If You Want Something Done Right, Do It Yourself (Unless You Are Being Sued)
We are all very familiar with the saying, "if you want something done right, do it yourself", but is that always the best advice? Well, when it comes to defending yourself in a lawsuit, the answer is "NO." In fact, I will remind you of another saying; "He who represents himself has a fool for a client."
While there are many things that we can do for ourselves, it is generally never a good idea to attempt to handle your own defense of a civil lawsuit. The best way to illustrate this point is with a story.
We will call our subject Bob. The situation is that Bob owned a construction company which unfortunately went out of business last year. Despite his company's closure, Bob finds himself and his now-defunct company on the wrong side of a lawsuit. Bob, knowing that the claim arises out of work that he performed under his company, decides that he doesn't need to hire an attorney since it is out of business. He realizes that he appears to be sued as an individual but believes that it is directly related to the company, and therefore, he should be able to represent himself.
Of course, Bob wants to be safe concerning his decision to represent himself in the lawsuit, so he calls on his old high school buddy John, who is also in construction, for some advice. His buddy John explains that he never uses an attorney and instead writes his contracts and other legal documents and has never had a problem. "More importantly," John advises, "It costs so much money to hire a lawyer, and for what? Your company is out of business." Feeling reassured, Bob begins to prepare his defense.
As Bob begins to search for a form online to answer the Complaint, he starts to feel slightly uncertain. There is terminology that he isn't very familiar with. So, Bob decides it's time to call in the big guns. Thus, he calls in Attorney Google for some answers. Of course, he finds a wealth of information on Google simply by searching, "do I need an attorney to represent me?" After ignoring the links suggesting that he does, Bob finds definitions for the terminology and realizes that so many people represent themselves that there is now no doubt in his mind that he can do it just as good as those high-priced attorneys.
Feeling rather proud of himself, Bob files his Answer with the Court. Shortly after that, he receives a package from the Plaintiff's attorney containing many Discovery Demands. Immediately, he gets Attorney Google on the case again and does his best to respond. Bob then receives a notice for his deposition. He is confident he is good to go. His testimony is taken and he is satisfied with his performance. He is ready for his day in Court to arrive.
Unexpectedly, he received a Motion for Summary Judgment. The Motion states that Bob has no defenses listed in his Answer, provided documents that support the Plaintiff's claims, and makes damning statements at his deposition. The Plaintiff's attorney argues that there are no questions of fact to submit to a jury, and thus, a judgment should be awarded against Bob.
As Bob reads the Motion, beads of sweat begin to form on his forehead. "Oh sh*t," is all that he can utter.

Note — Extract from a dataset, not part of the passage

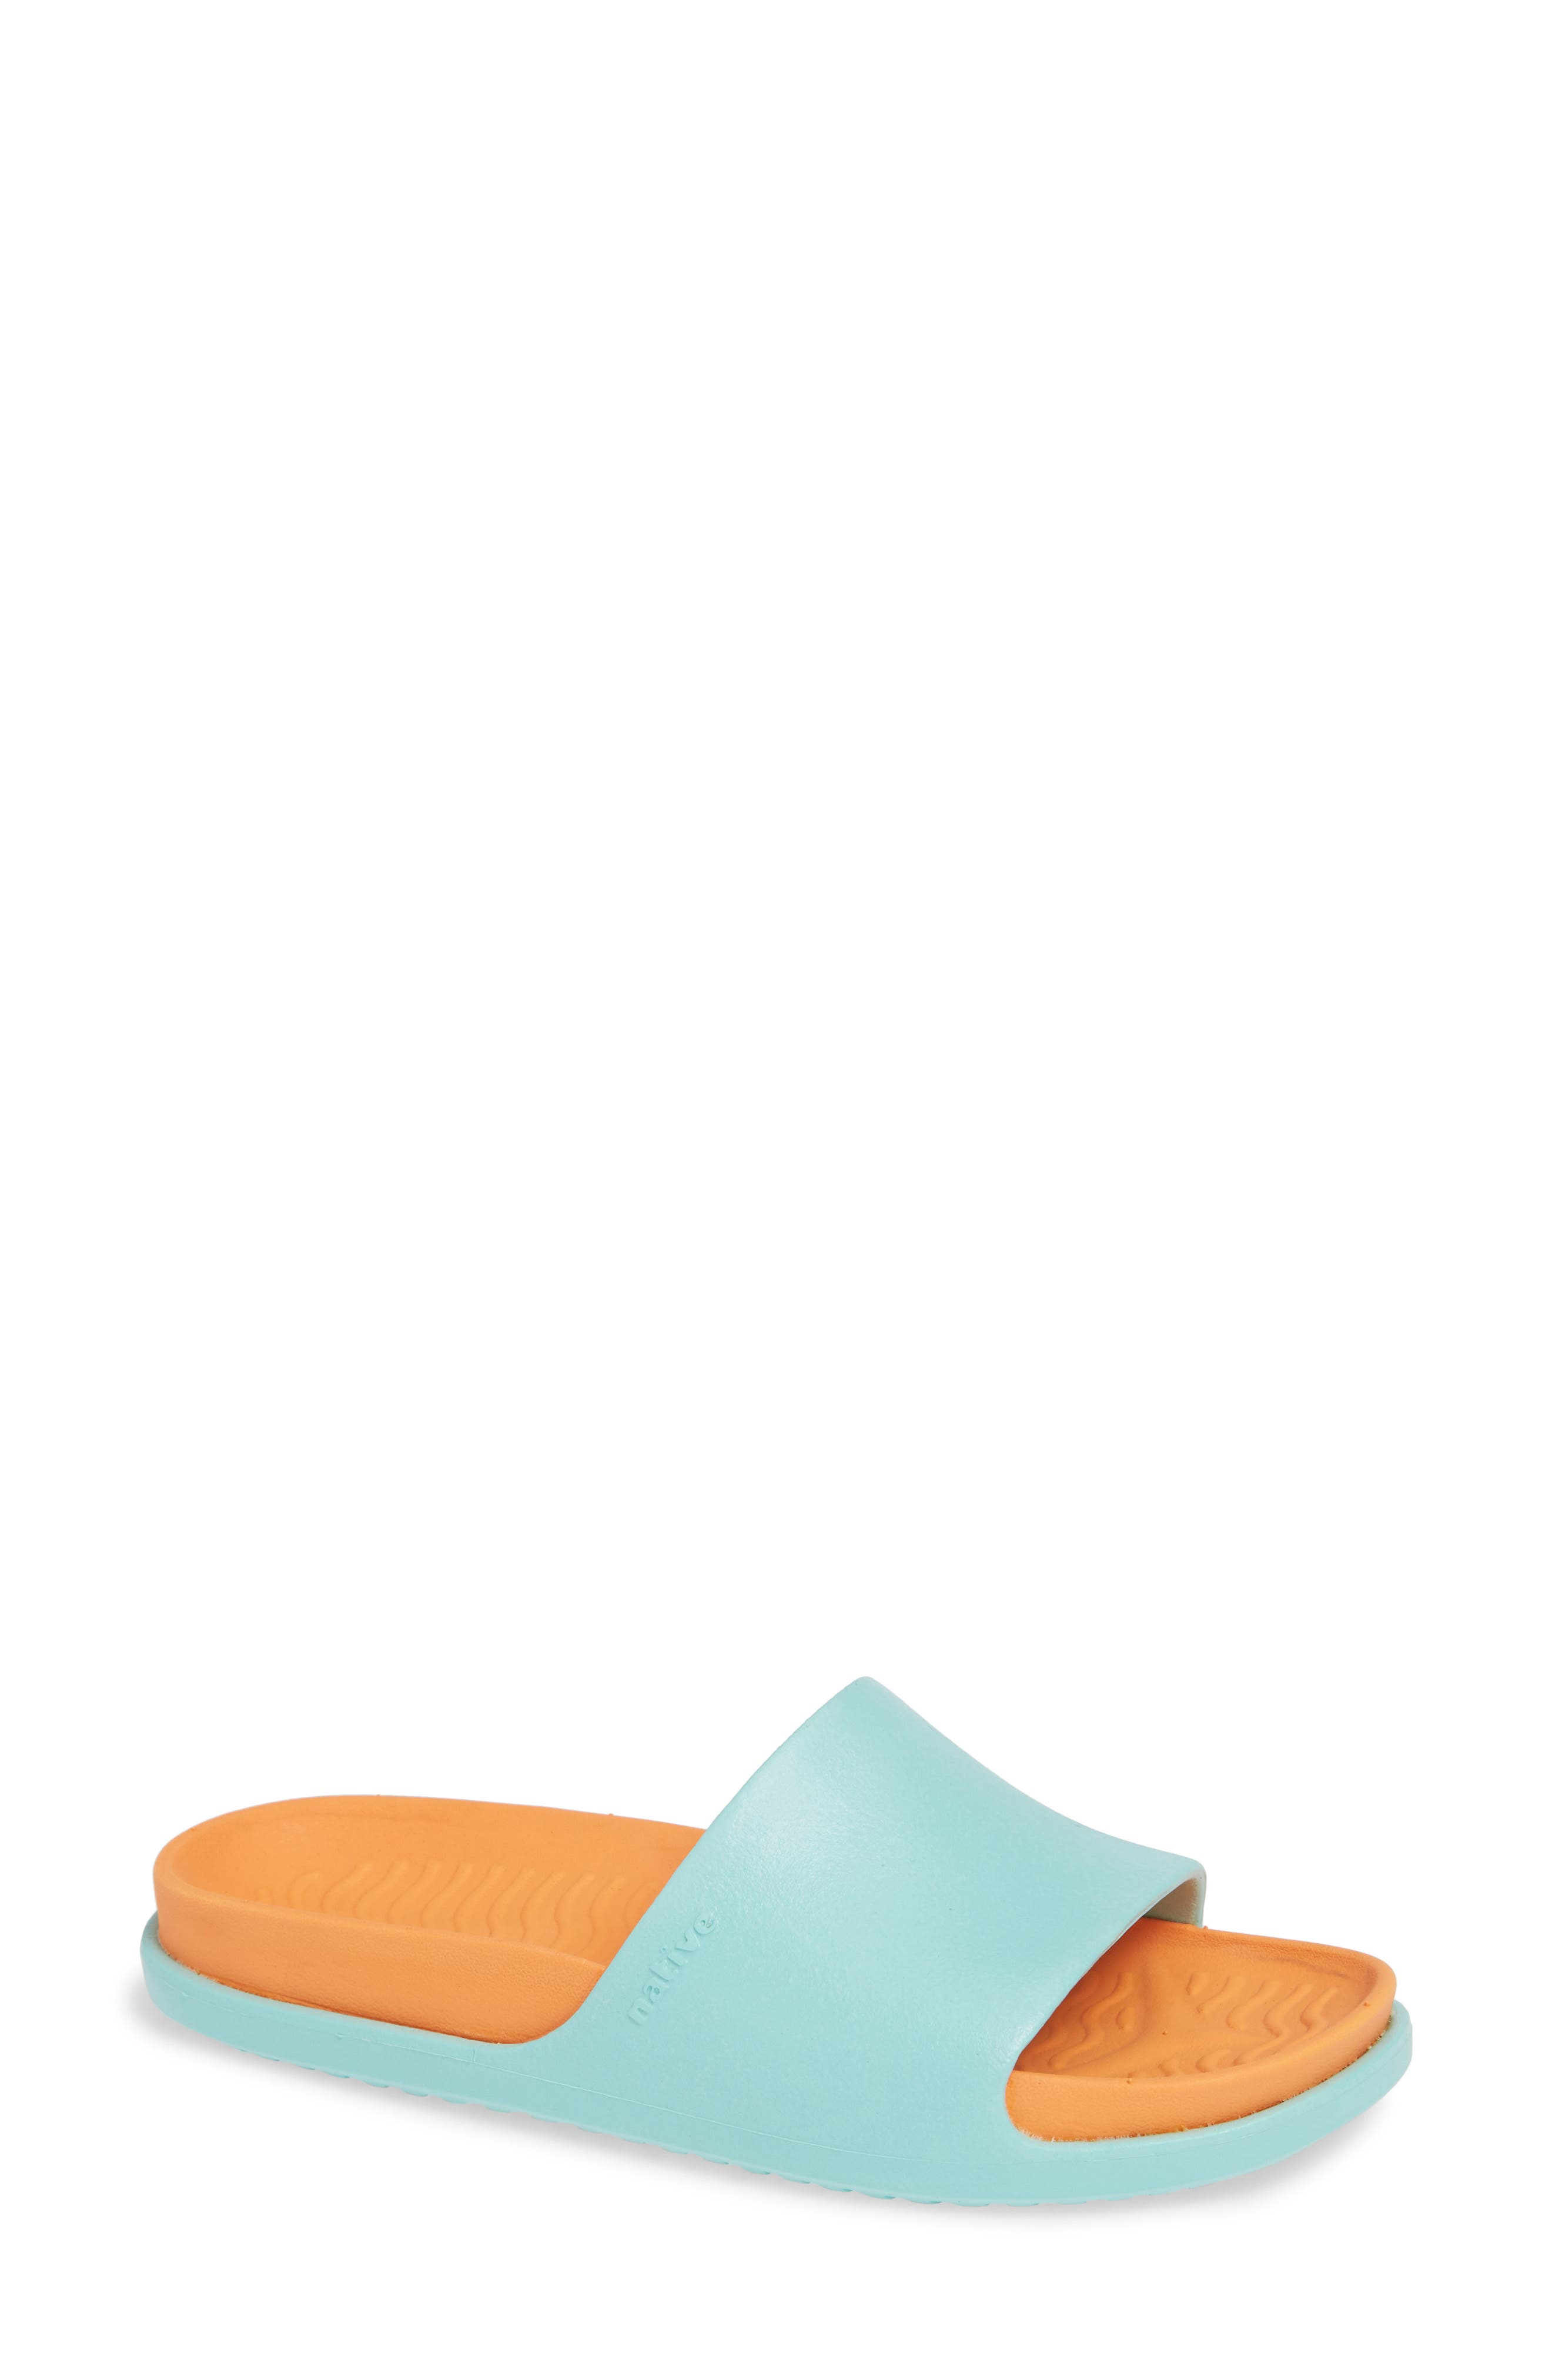 857ea3d5326 Native Shoes

Once he calms down, he calls John. "Hey man, he says. I took your advice, didn't hire an attorney, and now I have this motion thing. I'm screwed. What should I do?" John tells him that it is time for him to hire an attorney.

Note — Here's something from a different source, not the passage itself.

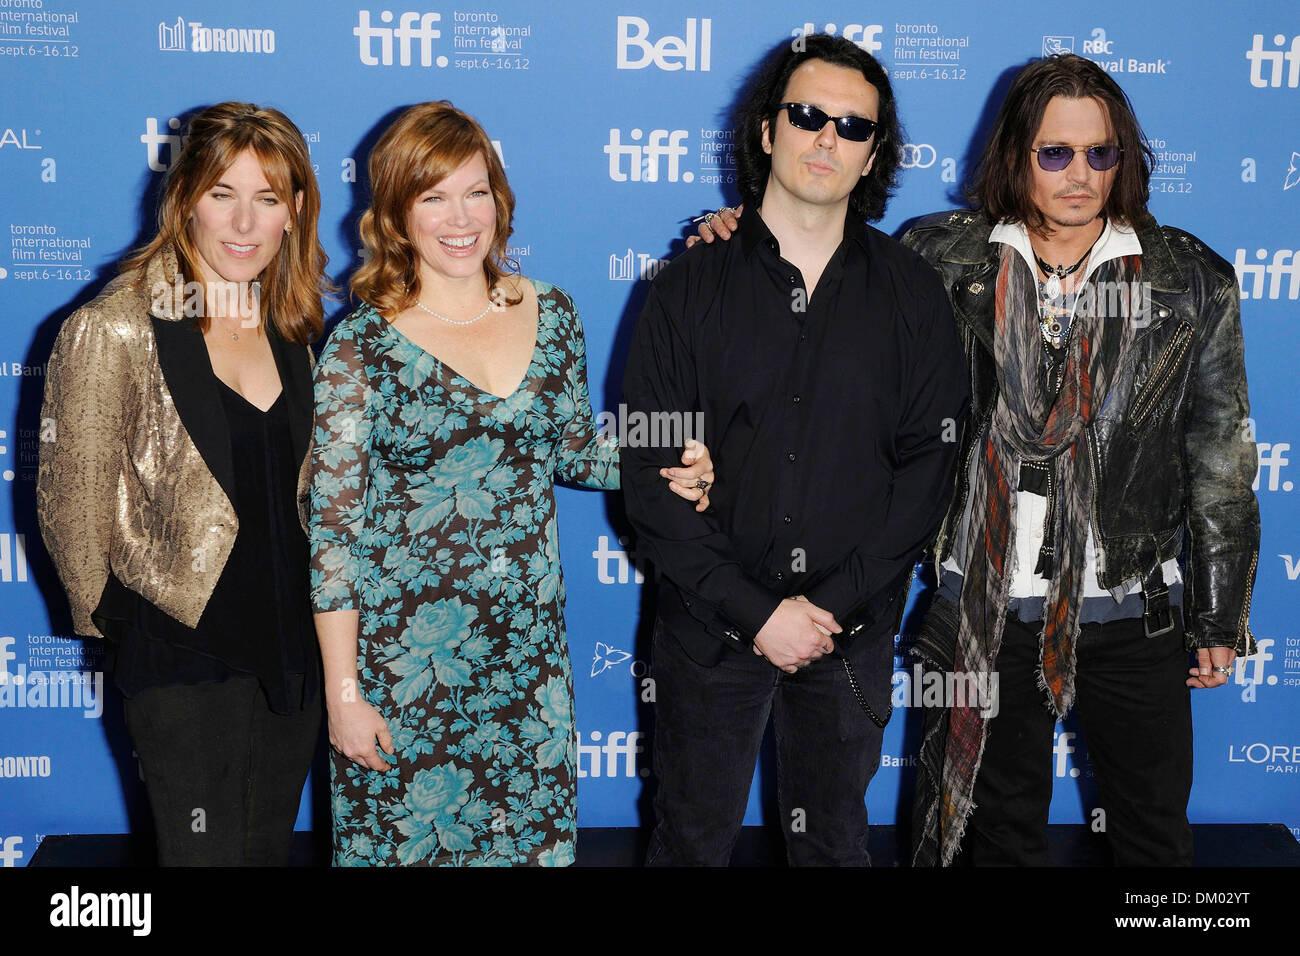 Amy Berg Lorri Davis Damien Echols And Johnny Depp 2012 Toronto Stock Photo Alamy

Bob, who is now panicked, starts frantically searching for an attorney to represent him. Instead of finding eager attorneys, he is told that the case is too far gone and that he has "shot himself in the foot." No one is interested in representing him. Ultimately, Bob tries to oppose the Motion on his own, fails miserably, and is now the proud owner of a judgment against him personally.
The moral of the story is simple, don't be like Bob. Litigation is rarely easy and is almost always unpredictable. You cannot learn to be a lawyer on the Internet or from a friend. Google does not make a good law partner. Lawyers spend years in school and in practice and are constantly learning about updated laws and cases. While you think you are saving money by trying to defend yourself, you are causing far more harm than good.
Had Bob hired a lawyer immediately, the lawyer would have been able to file a Motion to Dismiss on the grounds that Bob was protected by the LLC and could not be held personally liable. Instead, Bob now faces a Judgment that is four times higher than what an attorney would have charged him to represent him.